Even so, my parents made sure that I knew we were the lucky ones, living in our suburban home. “Privilege” wasn’t a word we used growing up in the ‘90s but that’s what we had and my parents never let us forget it. They never let me forget about the injustices that our relatives and ancestors endured in the South or even closer to home growing up in northeastern Ohio. I don’t remember how old I was when I first learned about slavery and Jim Crow and segregation. It was just part of my culture and heritage, something I learned about the same way others might learn about their ancestral village back in Europe or Asia. I have a cousin who traced our family history back to the Cash Plantation in South Carolina but, like most African Americans, our family tree gets murky when you try to look back before emancipation. Growing up, my parents instilled in me a deep appreciation of history in general and Black history in particular. Learning about the history of injustice in this country was just a part of my upbringing and I could see in the news and in the personal stories of my own family that racism is still alive and well in America. Electing Barack Obama didn’t mean that the racial tensions in America were gone or healed. Injustice is not just a historical relic, it continues every single day – whether the news outlets cover it or not.

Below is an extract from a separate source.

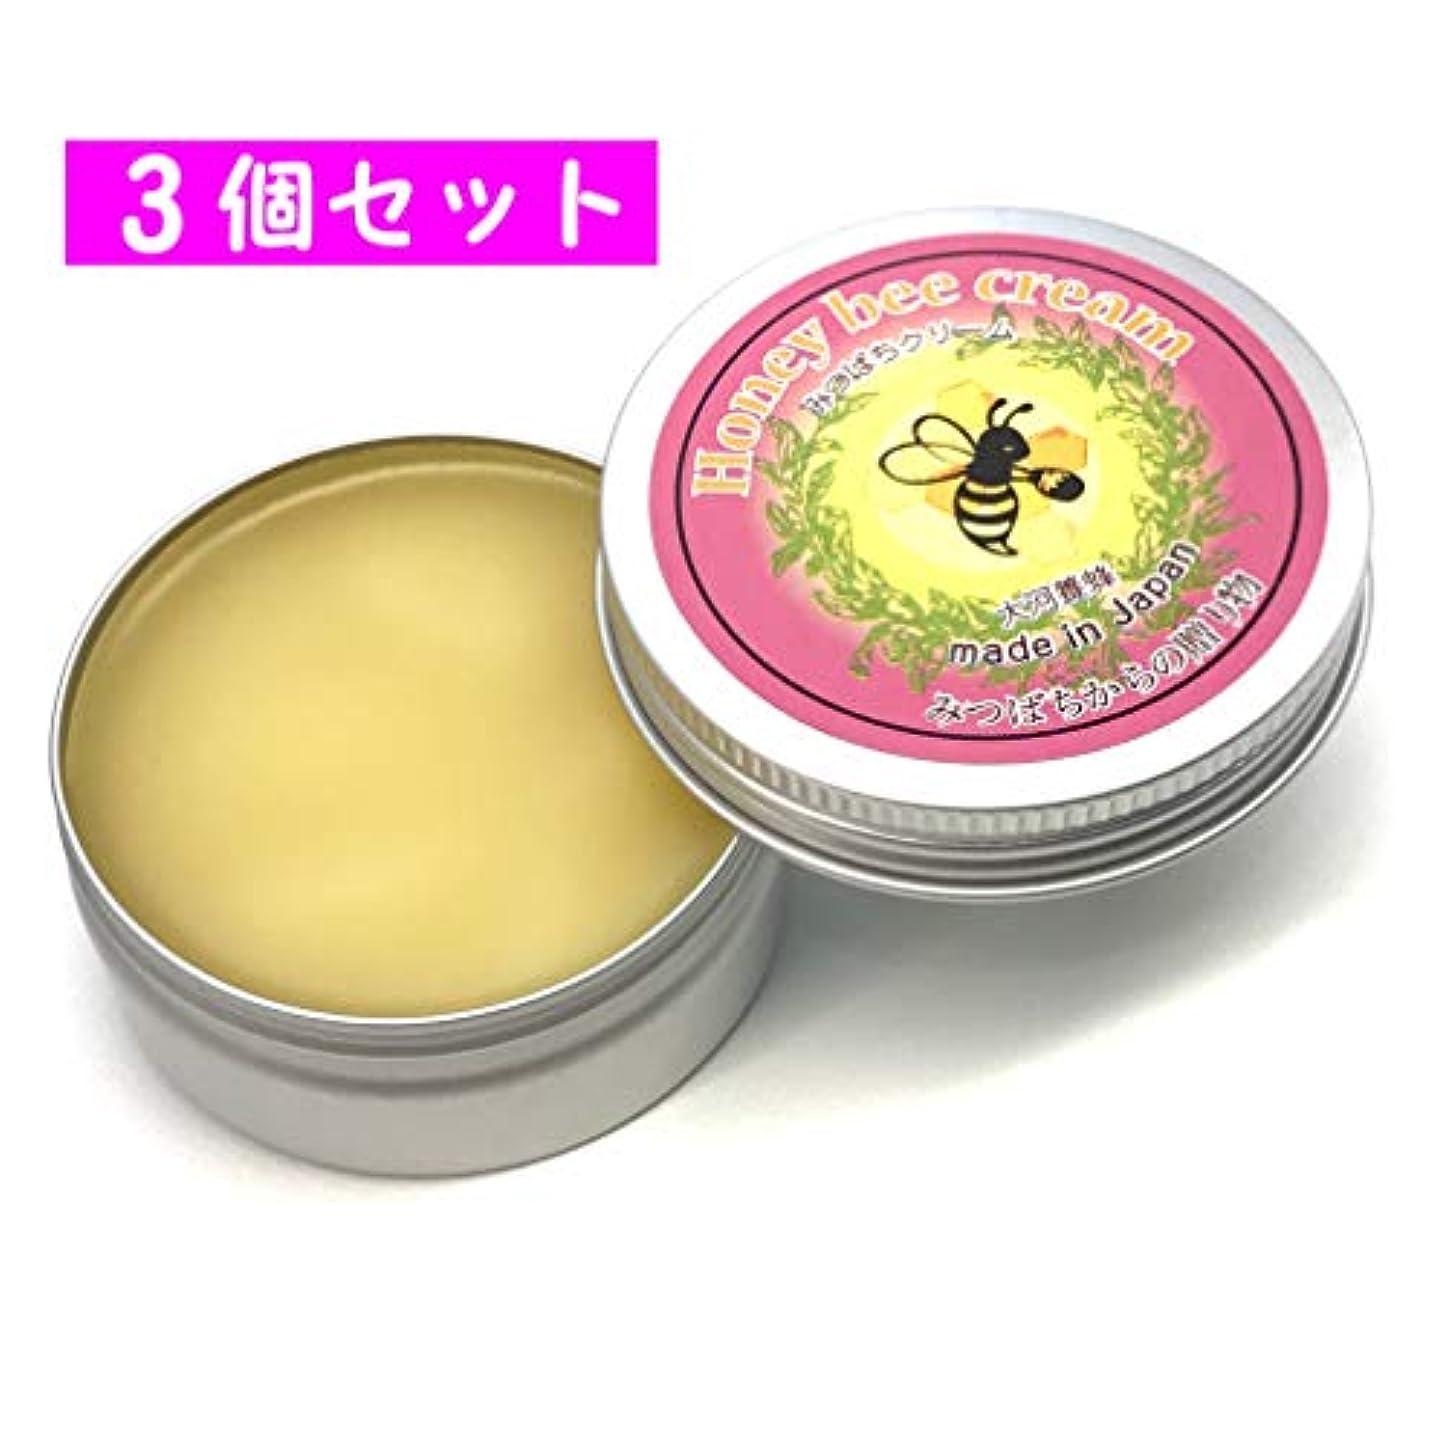 条約トランスミッション単に大河養蜂 みつろうクリーム 3個セット (30g×3) ラベンダーオイル配合 全身保湿クリーム 赤ちゃんクリーム 美白ケア 肌荒れ対策 スキンケア ナイトクリーム みつばちクリーム (3個セット)

So I knew why Colin Kaepernick was kneeling and I knew why “Black Lives Matter” became more than a slogan in the later years of the Obama administration. In recent years, with a smart phone camera in everyone’s pocket, I’ve seen more and more disturbing videos surface but three really stick in my psyche: Philando Castile bleeding and dying after being shot by a cop while his four year daughter sat in the back seat, Ahmaud Arbery being chased down and shot in the street and of course George Floyd. I saw the Philando Castile video in 2016, when my daughter was just two years old and I remember breaking down in tears when I heard that little four year old say: “it’s okay mommy” and hearing that small, precious voice trying to comfort a woman in open and raw grief. I watched it again as I drafted this post and the tears and pain are just as fresh as they were then. As a mother of small children, I know all too well the depths of caring a baby can have for their hurt and grieving mother. It broke my heart to see and hear that. No one should have to go through what that poor child went through at age four.

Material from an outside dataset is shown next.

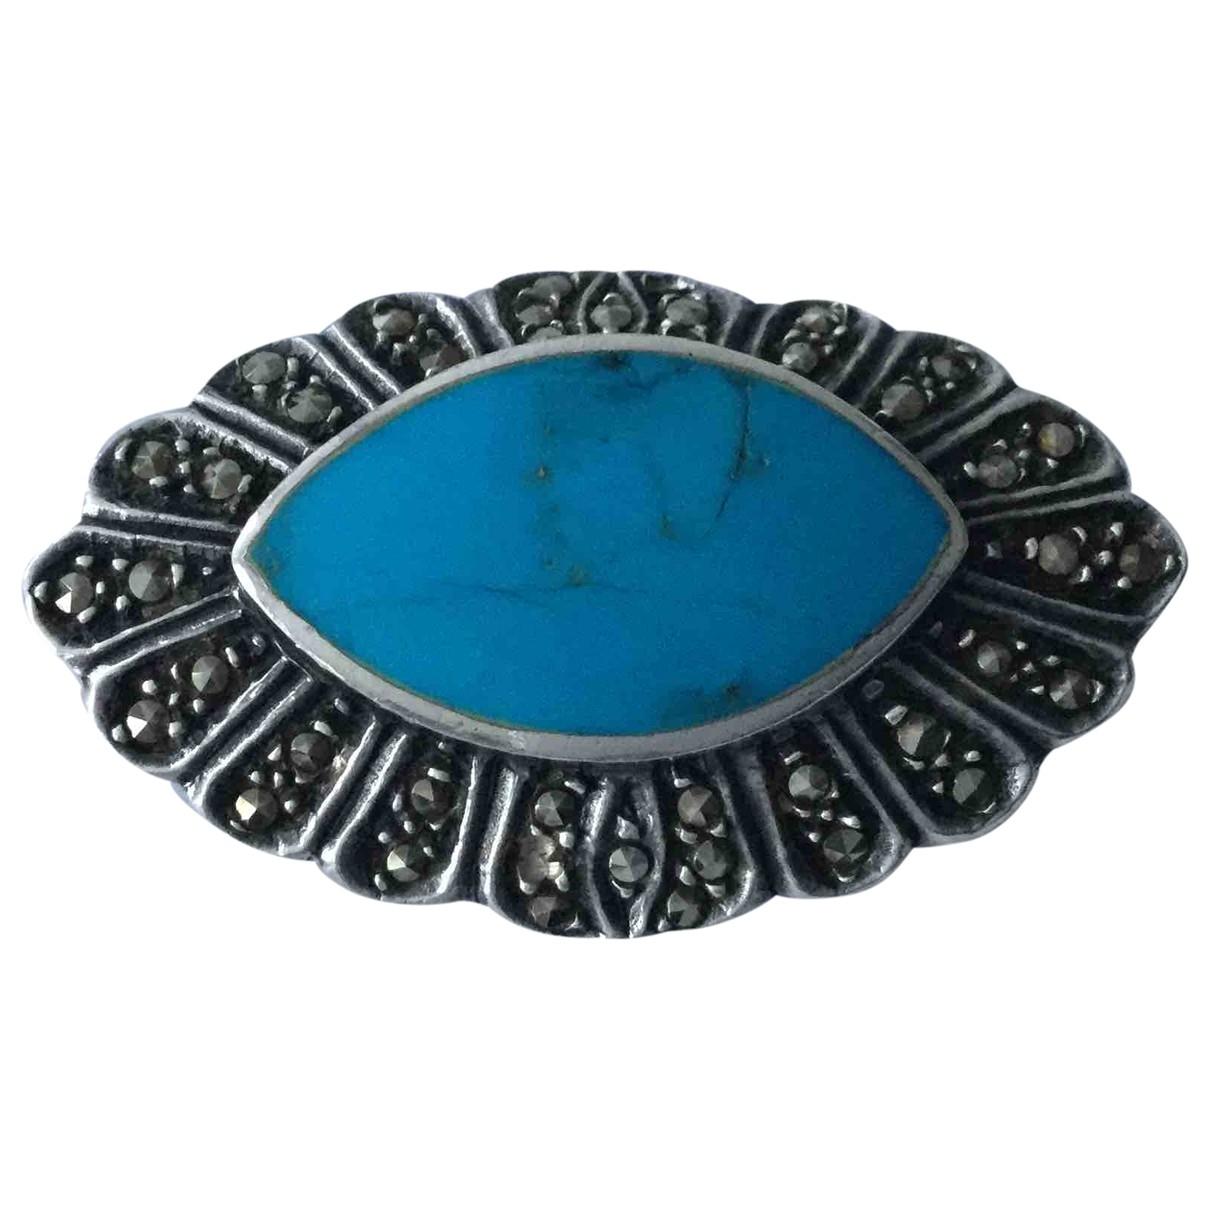 Broche Turquoises de Plata Non Signe / Unsigned

And now it’s 2020 and my country is on fire. After months of pent up anxiety and frustration from the COVID-19 pandemic, after the video of Ahmaud Arbery surfaced and drew outrage, we all saw the video of George Floyd’s death and many of us… snapped. Some of us snapped quietly in our homes, some snapped and took to the streets. Protests have turned violent, curfews have been enacted all over the country and answers are unclear. I’m angry and frustrated that the battles my parents fought in the ‘60s and ‘70s have just led us to the present day in 2020 where the same injustices and battles are still being fought today. Many of us are raw, we are emotional, we are frustrated, we are grieving and we are tired. I am tired.

I’ve been an emotional wreck this week for many reasons. Some personal reasons and some shared, community reasons. Old wounds are being picked open while I’m feeling like I’m living in a pressure cooker with no end in sight.

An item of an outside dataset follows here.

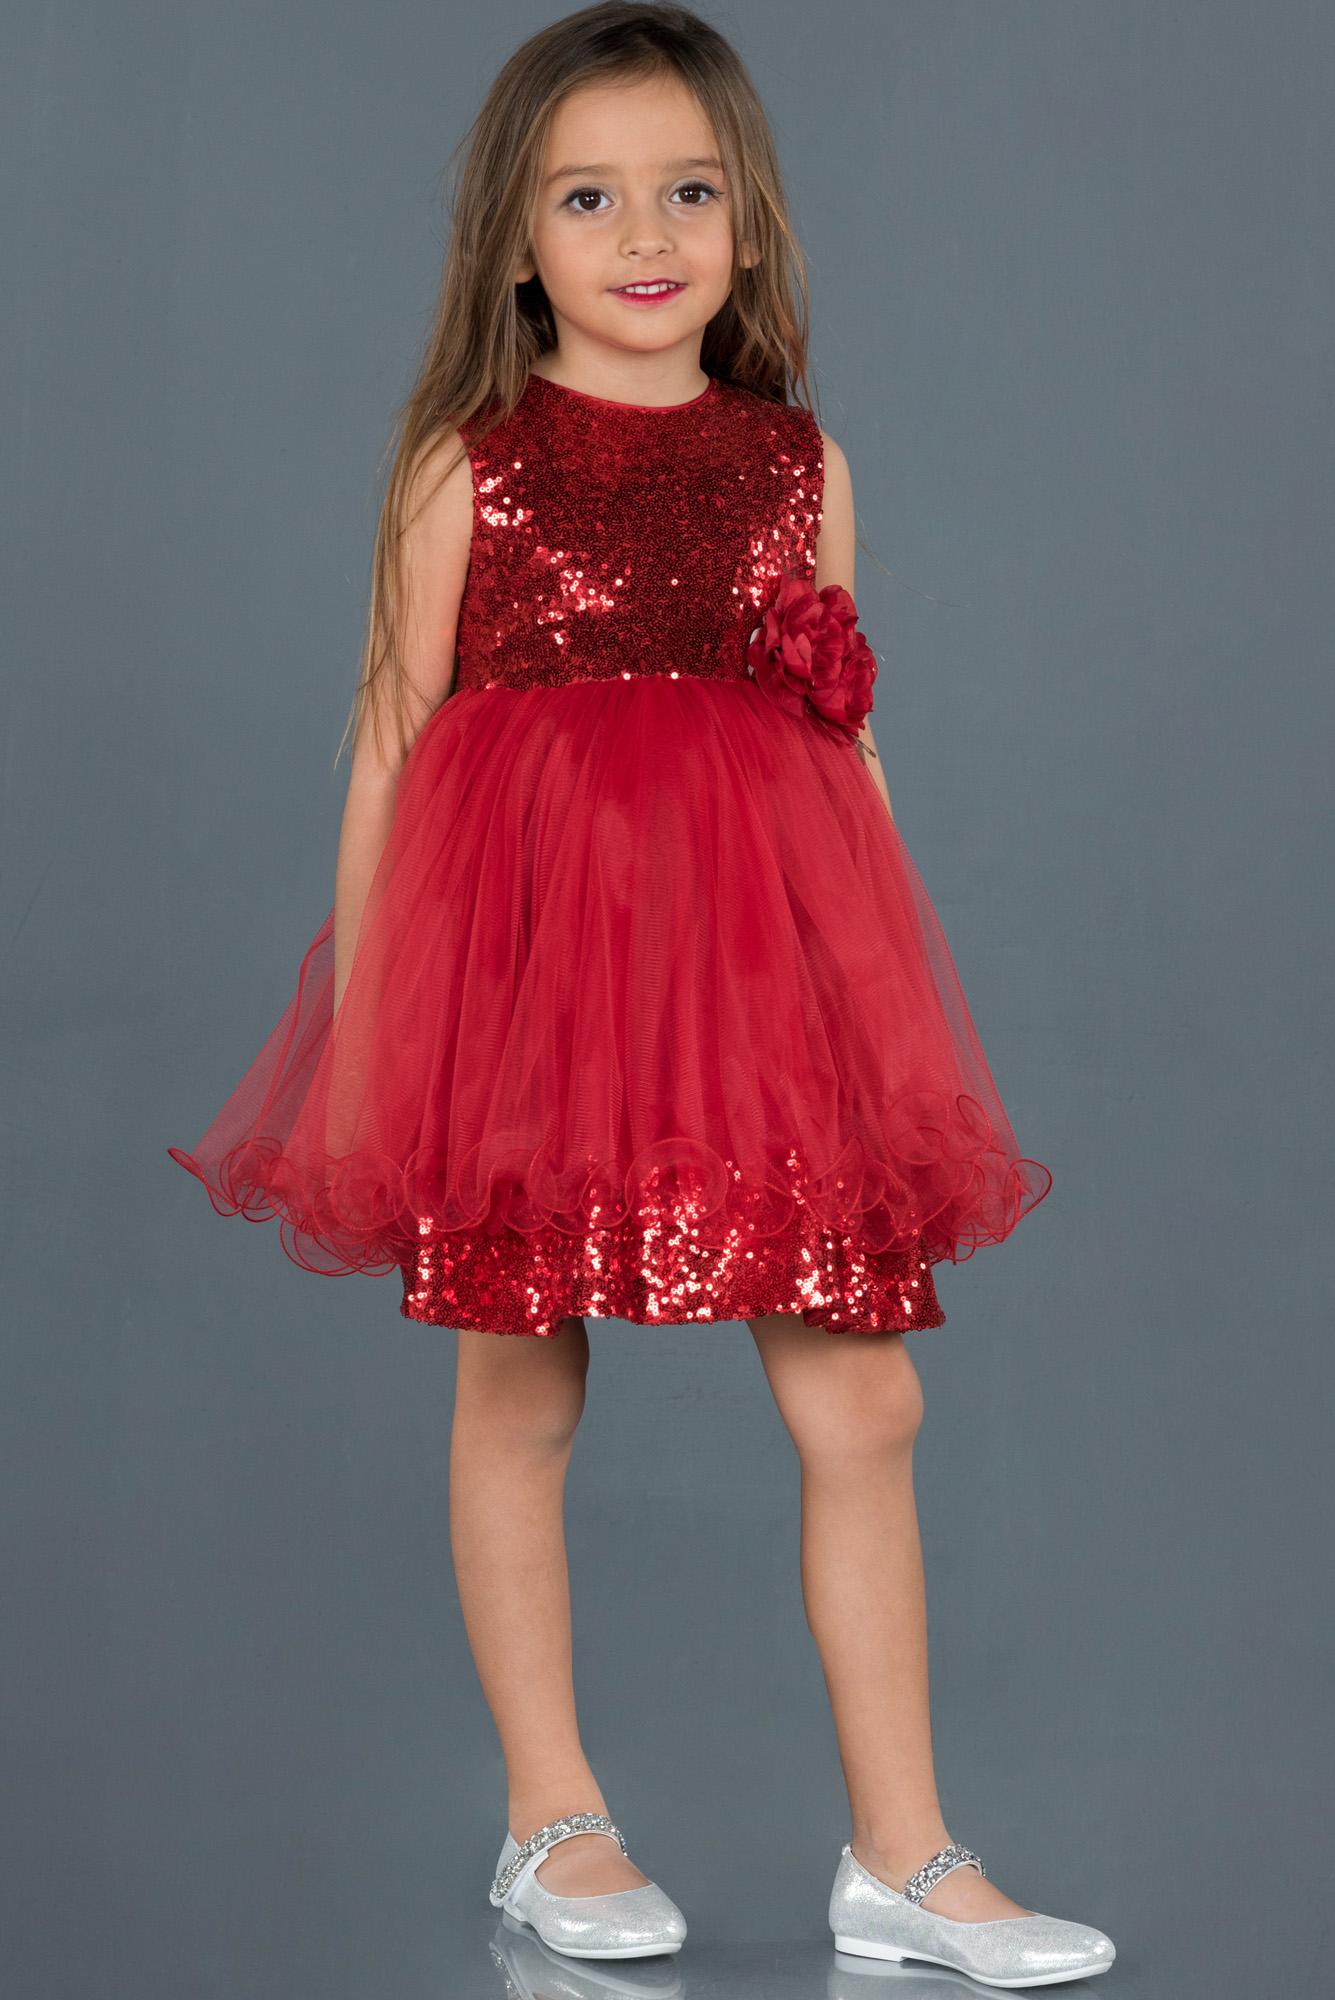 Kırmızı Kısa Pul Işlemeli Tül Detaylı Çocuk Abiye

I do what I can for self-care but it can be hard for me to fully unwind and let go. I listen to music, I escape into the fantasy world of video games, I exercise and I go for walks and runs in my neighborhood, hoping that I’ll be safe. I’ve been talking to my family more, our conversations feel more like group therapy these days but I need it, we all do. I have a support network I can call on to vent out my frustrations and – thank you for reading this now – I write. I write in my own journals and I write these blogs. I don’t have answers to the problems in the world, I have no words of comfort or hope anymore even. All I have is my own experiences and that is what I offer in the hopes of connecting with someone else who may be feeling like me. At least that person will know they aren’t alone. At least I know that even in this hard and trying times, I did speak.